Detect¶
Entity detection is the first stage of every Anonymizer pipeline. Both replace and rewrite modes depend on it.
How it works¶
Detection combines a lightweight NER model (GLiNER-PII) with LLM-based refinement. GLiNER PII produces an initial set of entity spans, then an LLM augments it with entities the NER missed and validates each detection -- keeping, reclassifying, or dropping entities based on context.
When rewrite is configured, an additional step identifies latent entities -- sensitive information inferable from context but not explicitly stated in the text.
Example: standard vs. latent entities¶
Consider this short passage:
Sarah described her appointment. She's looking forward to ringing the bell soon and said the care team has been wonderful.

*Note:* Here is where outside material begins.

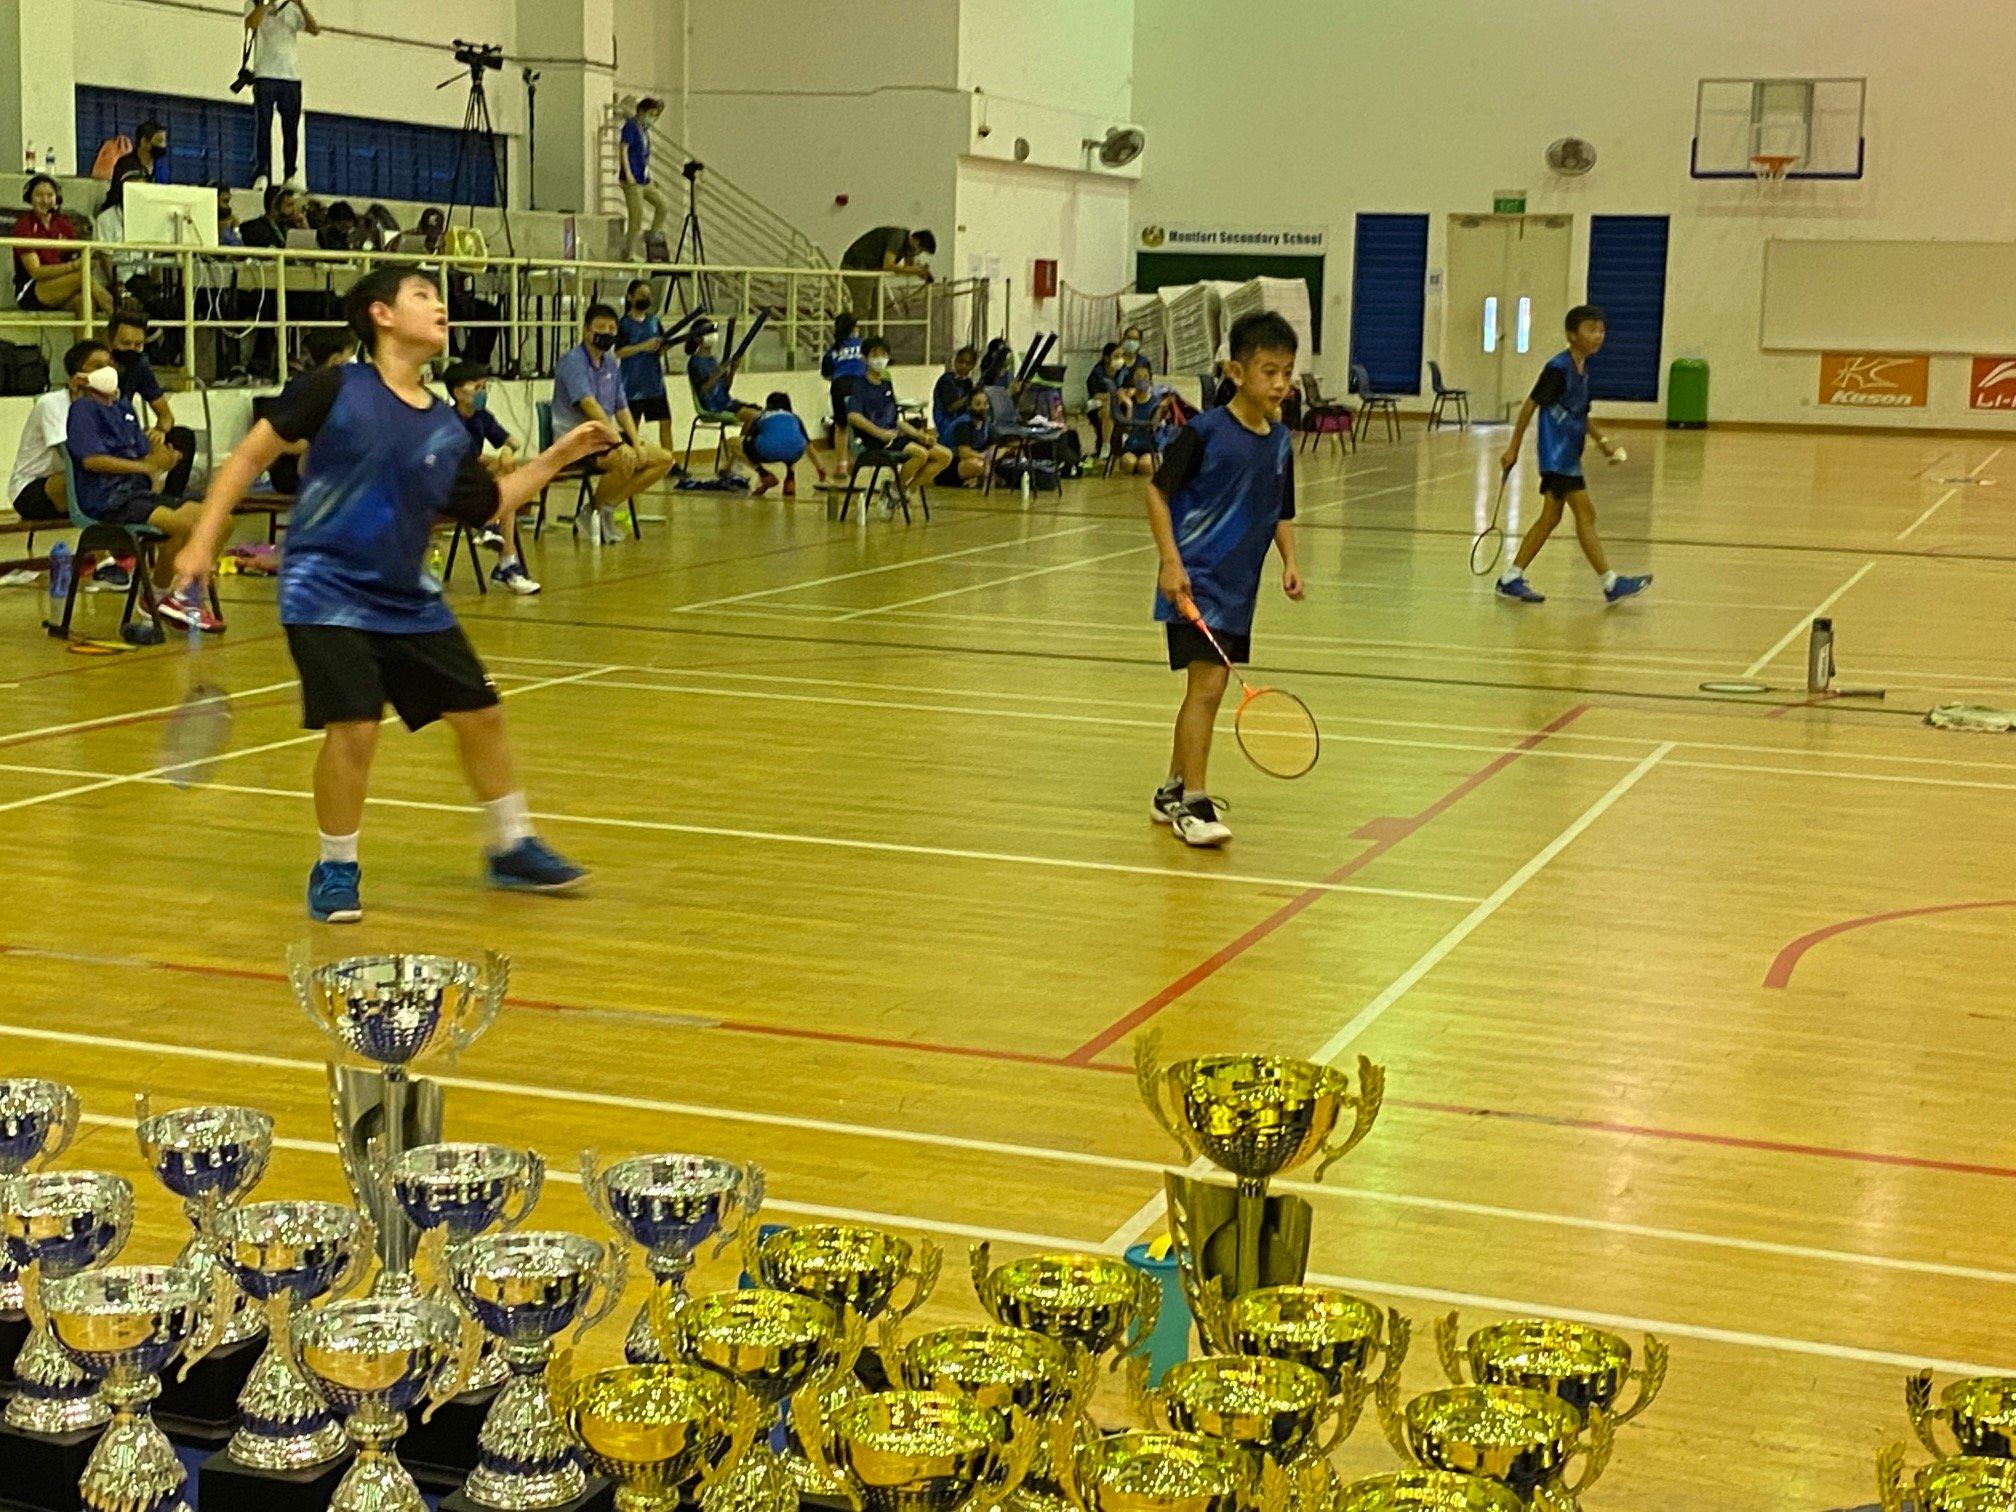 NSG Snr Div North Zone boys' badminton final - Rosyth second doubles-1

| Type | Value | Description |
|---|---|---|
| Standard entity | Sarah | first_name |
| Latent entity | ringing the bell | Reveals something sensitive - nearing the end of cancer treatment. It is only inferable from surrounding context (e.g. the passage never says "cancer"). |
Configuration¶
Detection is configured via the Detect object on AnonymizerConfig:
from anonymizer import AnonymizerConfig, Detect, Redact
config = AnonymizerConfig(
detect=Detect(),
replace=Redact(),
)
Detect fields¶
| Field | Default | Description |
|---|---|---|
entity_labels |
None (all defaults) |
List of labels to detect. Leave unset (or pass None) to use the full default set. |
gliner_threshold |
0.3 |
GLiNER confidence threshold (0.0--1.0). Lower values detect more entities but may increase false positives. |
Entity labels¶
Anonymizer ships with a comprehensive default label set covering:
- Direct identifiers (e.g.
first_name,last_name,email,ssn,date_of_birth,street_address) - Quasi-identifiers (e.g.
age,city,state,country,occupation,company_name,date) - Technical data (e.g.
api_key,password,url,ipv4,ipv6,device_identifier) - Demographics (e.g.
gender,race_ethnicity,religious_belief,political_view,language) - Financial (e.g.
credit_debit_card,account_number,bank_routing_number,tax_id)
To inspect the full list:
from anonymizer import DEFAULT_ENTITY_LABELS
print(DEFAULT_ENTITY_LABELS)
Custom labels¶
When you pass entity_labels explicitly, the augmenter operates in strict mode -- it only outputs entities matching your list. When entity_labels=None, the augmenter can create additional labels beyond the defaults (e.g., clinic_name, server_name).
# Strict: only detect these 3 labels
Detect(entity_labels=["first_name", "last_name", "email"])
# Permissive: detect all defaults + LLM can infer new label types
Detect() # entity_labels=None
Tuning the threshold¶
For gliner_threshold, start with the default 0.3. If you're seeing too many false positives, raise it to 0.5. If entities are being missed, try lowering to 0.2. The LLM validation step catches many false positives, so erring on the side of lower thresholds is usually safe.
Model roles¶
The detection pipeline uses three model roles, each mapped to a model alias in the default config:
| Role | Default alias | Purpose |
|---|---|---|
entity_detector |
gliner-pii-detector |
GLiNER-PII NER model. |
entity_validator |
gpt-oss-120b |
Validates and reclassifies detected entities. |
entity_augmenter |
gpt-oss-120b |
Finds entities the NER model missed. |
latent_detector |
nemotron-30b-thinking |
Identifies inferable entities (rewrite only). |
See Models for how to override these.